Thank you very much, Mike.
Thank you.
Over to the next, question.
Thank you. Your next question comes from the line of Carsten Lønborg Madsen from Danske Bank. Please go ahead.
Yes, thank you very much. So the CagriSema high dose that you will be initiating, 2.4, 7.2, what does your internal modeling say about adding 7.2 mg similar to cagrilintide? Why don't you also increase the cagrilintide dose in that trial?
Thank you very much, Carsten, and question for Martin on higher dose CagriSema.
Yeah, thank you very much, Carsten. I'll not guide exactly what our model says on the weight loss potential, but let's say that it's more than what we've seen with the CagriSema 2.4 + 2.4 mg, and with a comparable safety and tolerability profile. Clearly an upside on the efficacy, potentially without having to compromise on safety and solubility. From that perspective, that is a very attractive option then, because we have tested higher doses of cagrilintide in combination with semaglutide without seeing added benefits on weight loss. Therefore, based on everything that we know, also from the STEP UP trial, it makes sense to increase the dose of semaglutide, but not necessarily amycretin. Sorry, cagrilintide.
Great. Thank you very much, Martin.
Thank you.
Over to the next question, and we have one question left. Thank you.
Thank you. Your next question comes from the line of Martin Parkhøi from SEB. Please go ahead.
Yes, thank you very much. Just on the same topic, of course, you know, last year you also announced that you would drop your DUEL V, where you had tirzepatide as an active comparator. Now we see these results today, and I note that if we look at the trials that you so far have on your 419 , you use semaglutide as an active comparator. In AMAZE, you use semaglutide as an active comparator. Haven't you just realized that you cannot beat tirzepatide, and you're using semaglutide as the active comparator going forward?
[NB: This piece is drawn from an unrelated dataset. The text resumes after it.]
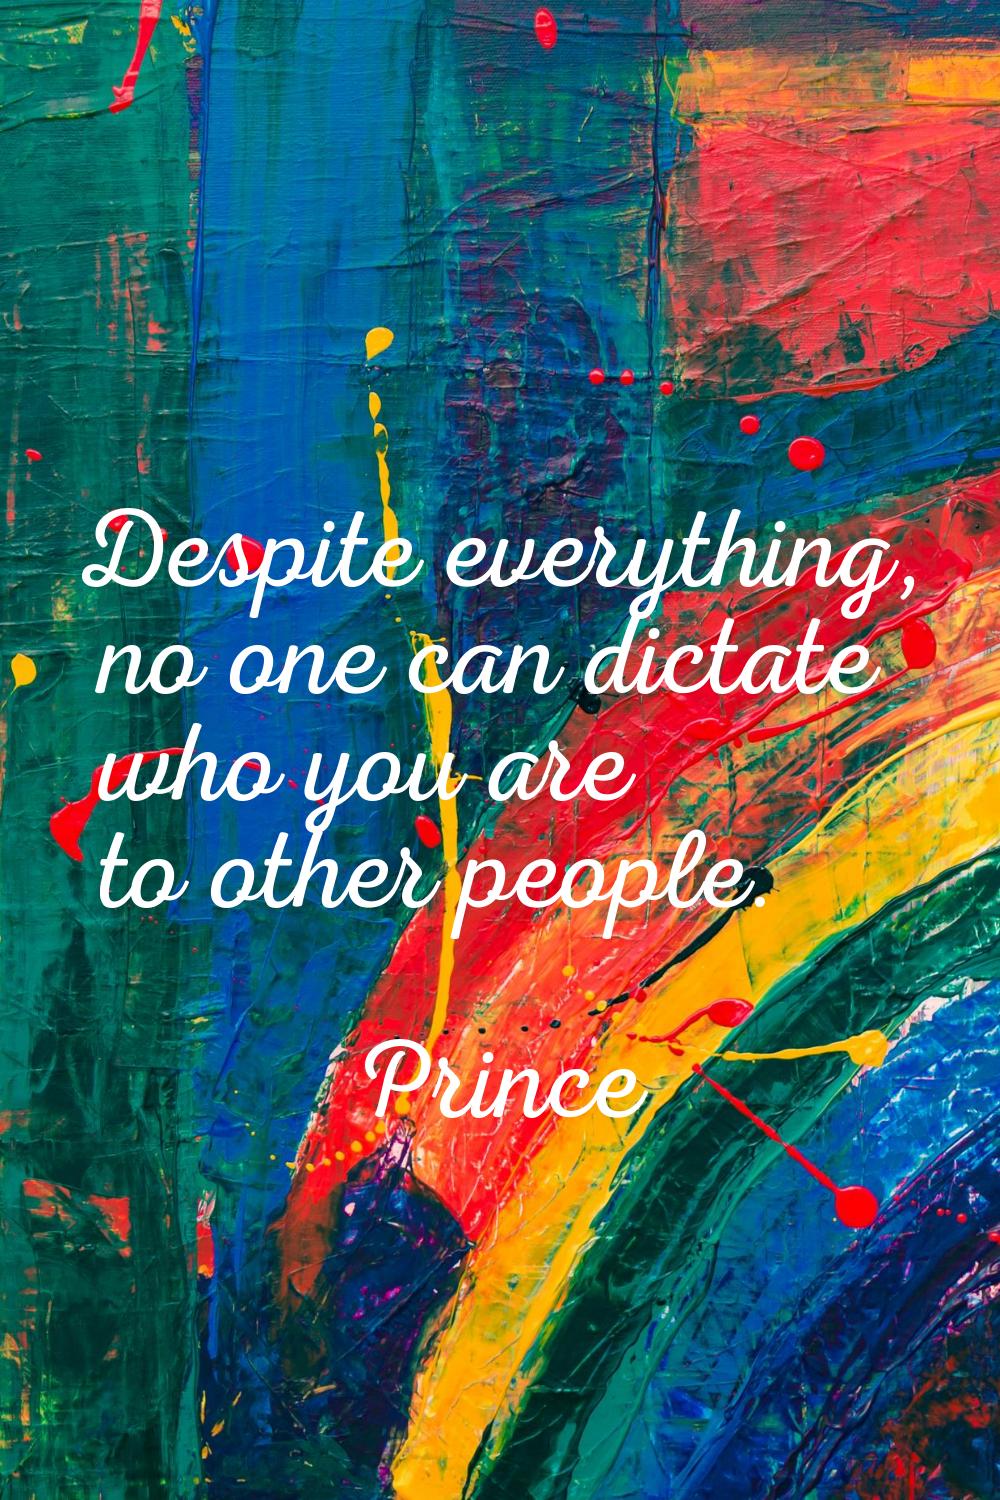 Despite everything, no one can dictate who you are to other people.

Then just to follow up on the 419 , can we talk a little bit about what your goal are with this with respect to are you going for a best-in-class side effect, or is it weight loss that you're going for on that one?
Thank you, Martin. 1.5 question to Martin.
Yeah, yeah. So, we, we, we obviously will do, compare, comparator studies, when, when there is that opportunity. I think clearly you've heard both me and Mike talk about the open-label nature of REDEFINE 4, and the potential for substantial bias that is introduced, both on the efficacy, potentially also on safety and tolerability, when, when reporting on that. An ability to do head-to-head comparisons with a competitor drug would require the ability to blind. That obviously we are working on as we speak.
Great. Thank you very much, Martin. With that, sorry, and this concludes the Q&A session. Thank you for participating, and please feel free to contact investor relations regarding any follow-up questions you might have. Over to you, operator. Thank you.
Thank you. This concludes today's conference call. Thanks for participating. You may now disconnect.